И он ринулся на нее с силой и уверенностью, о которых столько мечтал, и слышал, как она прошептала:
— Ох, негодяй, ты же обещал мне…
Но он не нарушил своего обещания. Он сказал ей, что уложил ее на зеленую лужайку, и он именно так и сделал, хотя и не посвятил ее в свою тайну, потому что даже любовники должны хранить про себя свои маленькие тайны. Но он совершенно буквально сделал то, что обещал ей. И вдруг его охватил приступ хохота. Прижимая девушку к себе, прижимаясь губами к ее горлу, он начал безудержно смеяться, и она сказала:
— Прекрати, ненормальный, щекотно же.
— Ты хоть знаешь, что мы сейчас делаем? — спросил он и сел.
— Да уж знаю, — ответила Мерили, неловко оправляя юбку.
— А знаешь где?
— Прямо в Публичной библиотеке Нью-Йорка.
— Правильно. А знаешь, на чем?
— На полу.
— Не правильно.
— Извини, на твоем пиджаке.
— Неверно.
— Тогда на чем же?
— На пятистах тысячах долларов, — сказал Малони, встал на ноги, отряхнул брюки и протянул девушке руку.
— Могу я попросить тебя встать?
— Конечно, — озадаченно сказала она и дала ему руку.

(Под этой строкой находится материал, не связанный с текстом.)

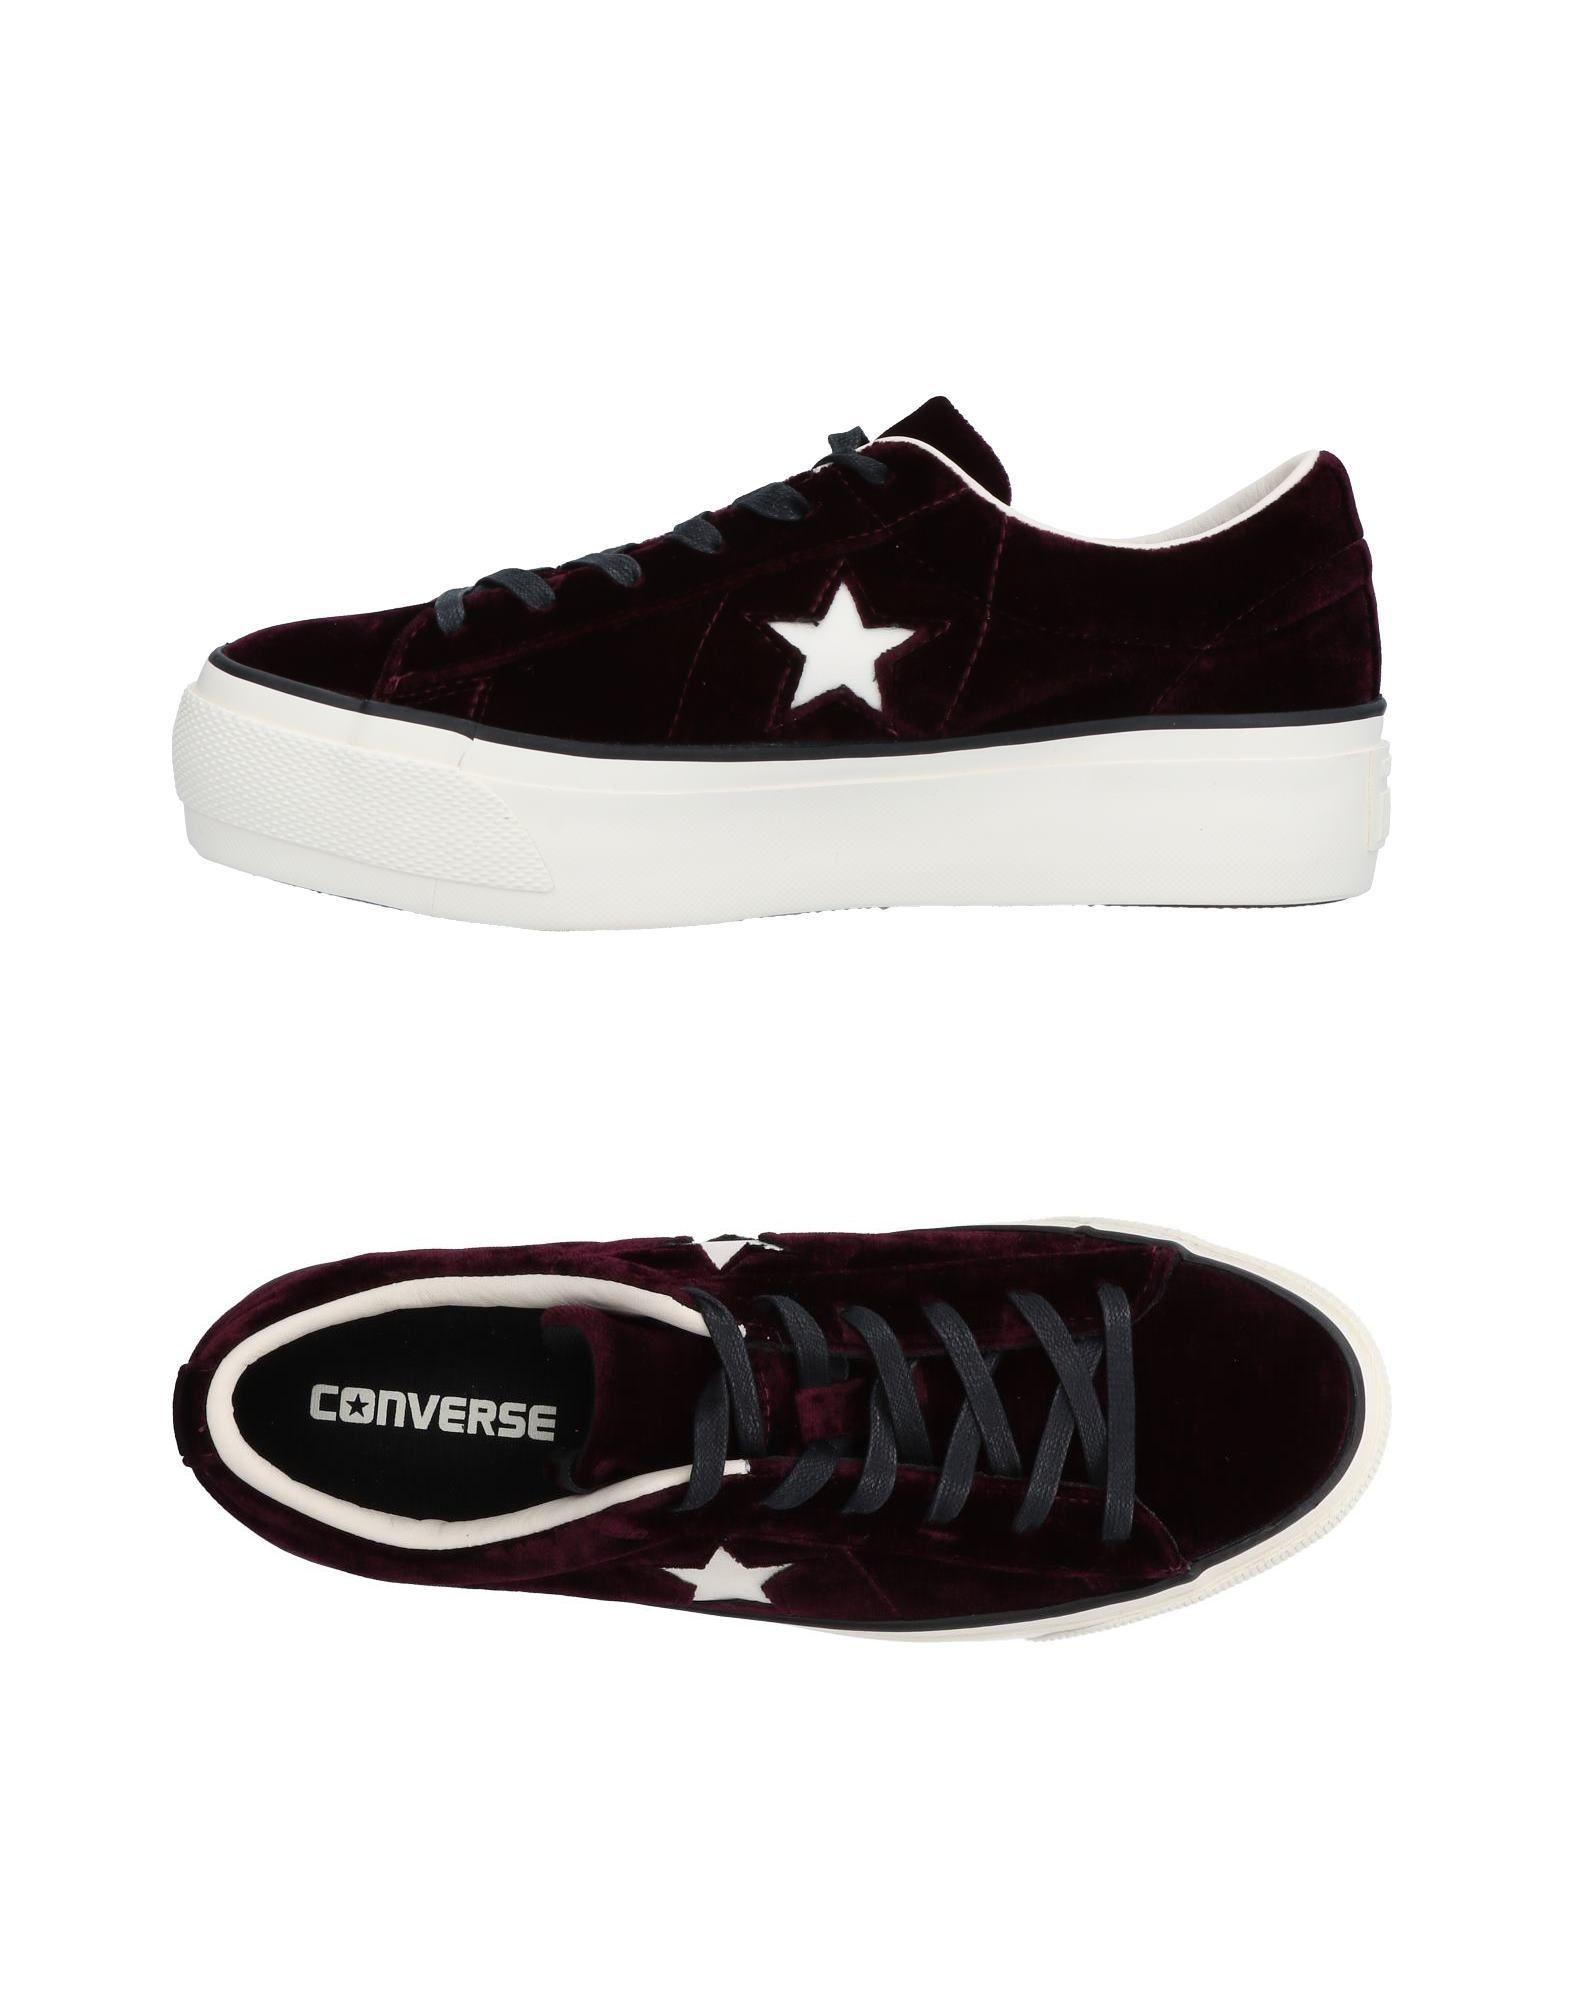 Converse Sneakers Damen  11493582IU Gute Qualität beliebte Schuhe

Он помог ей подняться и, усмехаясь, взял пиджак. Вытряхивая из него пыль, он сказал:
— Ты что-нибудь слышишь?
— Нет. — Послушай внимательно.
— Все равно я ничего не слышу.
— Ну, слушай же, — сказал он и намеренно провел ладонью по пиджаку долгим движением, счищая пыль со спины, плечей и рукавов и склонив голову набок, усмехаясь ничего не понимающей девушке, которая смотрела на него так, словно после всего он повредился в уме.
— Ничего я не слышу.
— Не слышишь, как шуршит шелк?
— Нет.
— И не слышишь, как шелестят крылья ангелов?
— Нет!
— Неужели ты не слышишь, прелесть моя, как шуршат деньги?
— Говорю тебе, я ничего такого не слышу.
— У тебя есть нож? — спросил он.
— Нет.
— А ножницы?
— Тоже нет.
— А случайно в твоей сумочке нет маникюрного набора?
— Все, что у меня там есть, это водительские права и тот пистолет. Где деньги?
— Мне нужно распороть этот шов.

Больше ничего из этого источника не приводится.